What just happened? With freeway travel now part of its operational map, Waymo is extending the commercial range and complexity of its driverless fleet. The expansion blurs the separation between testing and mass deployment – a transition that could define the next competitive chapter in the driverless car industry.
Alphabet's self-driving unit, Waymo, is expanding its commercial robotaxi program to include freeway segments across San Francisco, Los Angeles, and Phoenix, marking a significant step in the evolution of fully autonomous ride-hailing. The company said this week that freeway-capable rides will be available first to early access users before a wider rollout.
The expansion brings a new dimension to Waymo's service, which until now has operated primarily on city streets.
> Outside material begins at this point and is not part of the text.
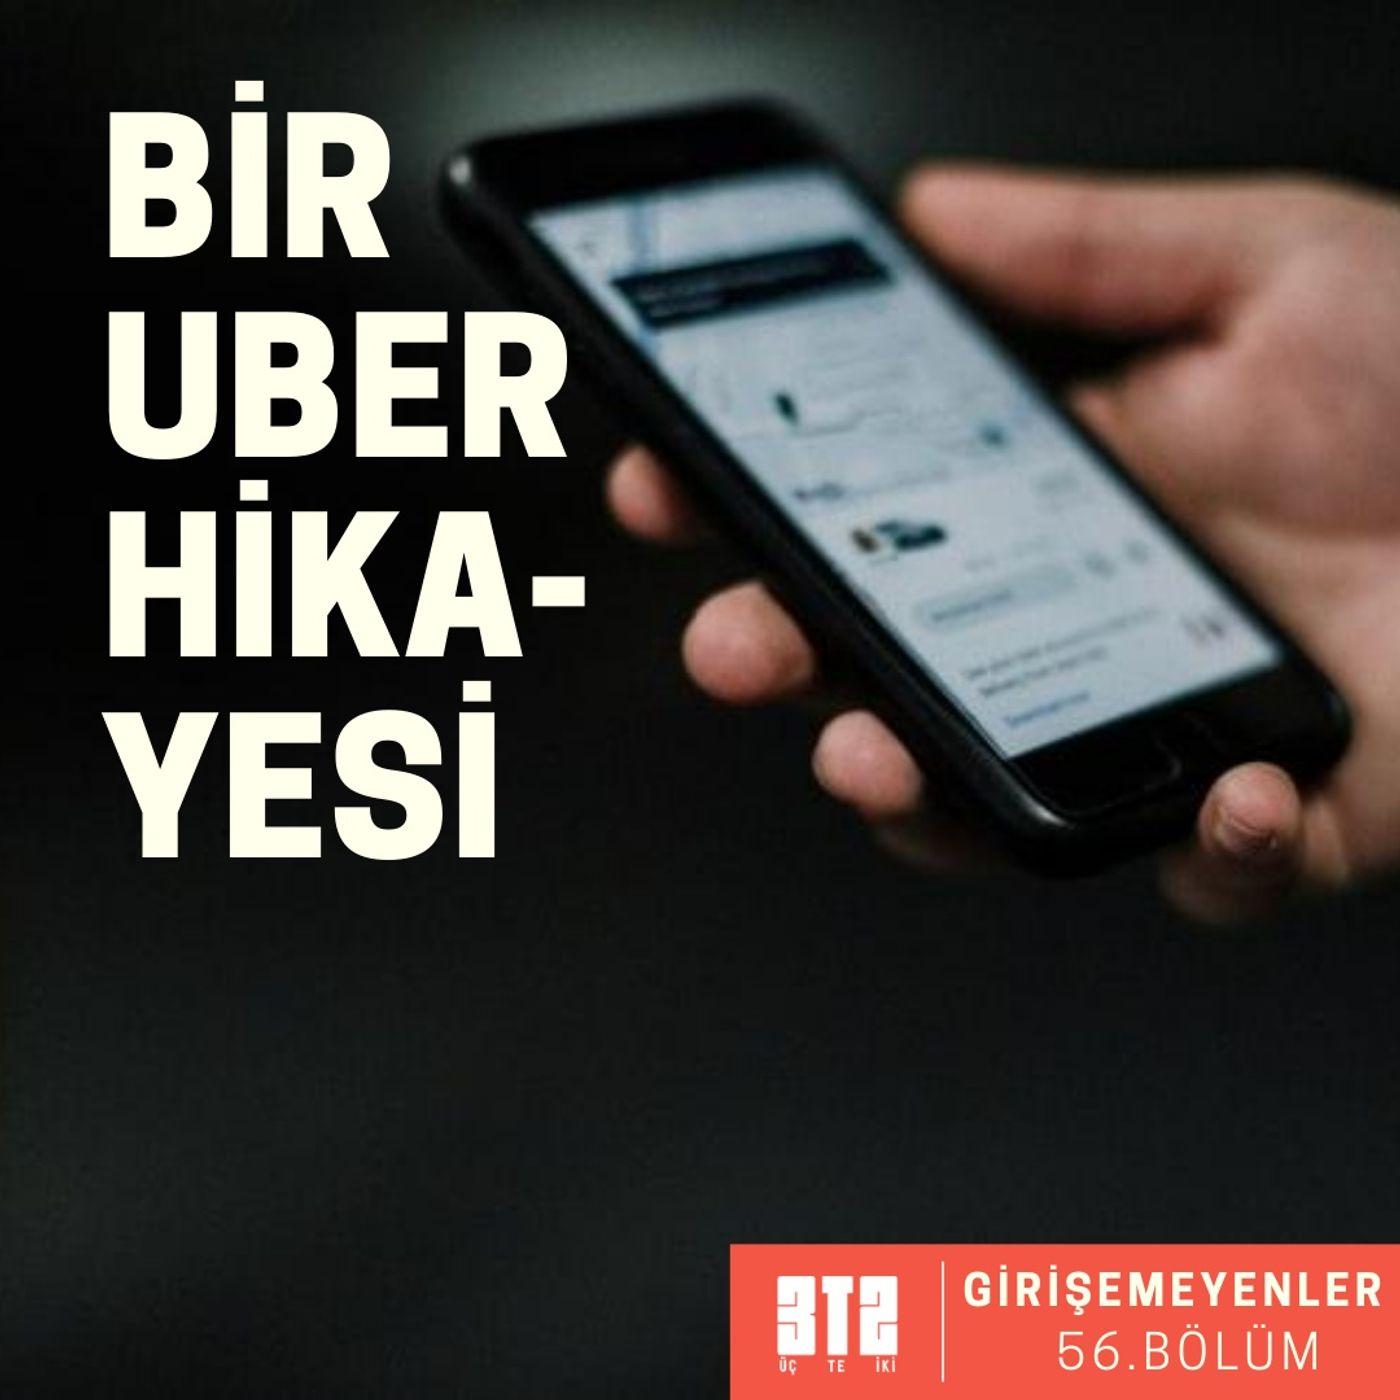 GİRİŞEMEYENLER.06 - Bir Uber Hikayesi

According to the company, passengers will be matched with a freeway route when doing so provides a clearly faster option. The new ability is designed to make trips quicker, with the system capable of merging, changing lanes, and exiting highways entirely on its own.
Waymo's current network already includes dense urban corridors in the San Francisco Bay Area. The company is now extending coverage to San Jose, including Mineta San Jose International Airport – the second airport in its operating map after Phoenix Sky Harbor.

With more than 1,500 vehicles in its US fleet, Waymo remains the country's only provider of paid, fully driverless rides with no human monitors on board. The company first opened its commercial service in Phoenix in 2020 after over a decade of testing autonomous driving under the Google brand.
Freeway operation introduces a different set of engineering and safety challenges from city driving. While limited-access highways remove variables like pedestrians and complex intersections, vehicles must adapt to higher speeds and faster decision-making in situations such as merging traffic, abrupt braking, and navigating multiple exit lanes. Waymo said it has developed new freeway driving protocols in cooperation with law enforcement and state safety agencies to manage these conditions.
The company's move differentiates its technology from Tesla's driver-assist systems, which still require human supervision, and from Amazon-backed Zoox, which recently began offering rides along the Las Vegas Strip.
Waymo's freeway service highlights the company's progress toward scaling fully autonomous mobility, even as it continues to face federal inquiries into abnormal vehicle behavior observed in some driving scenarios.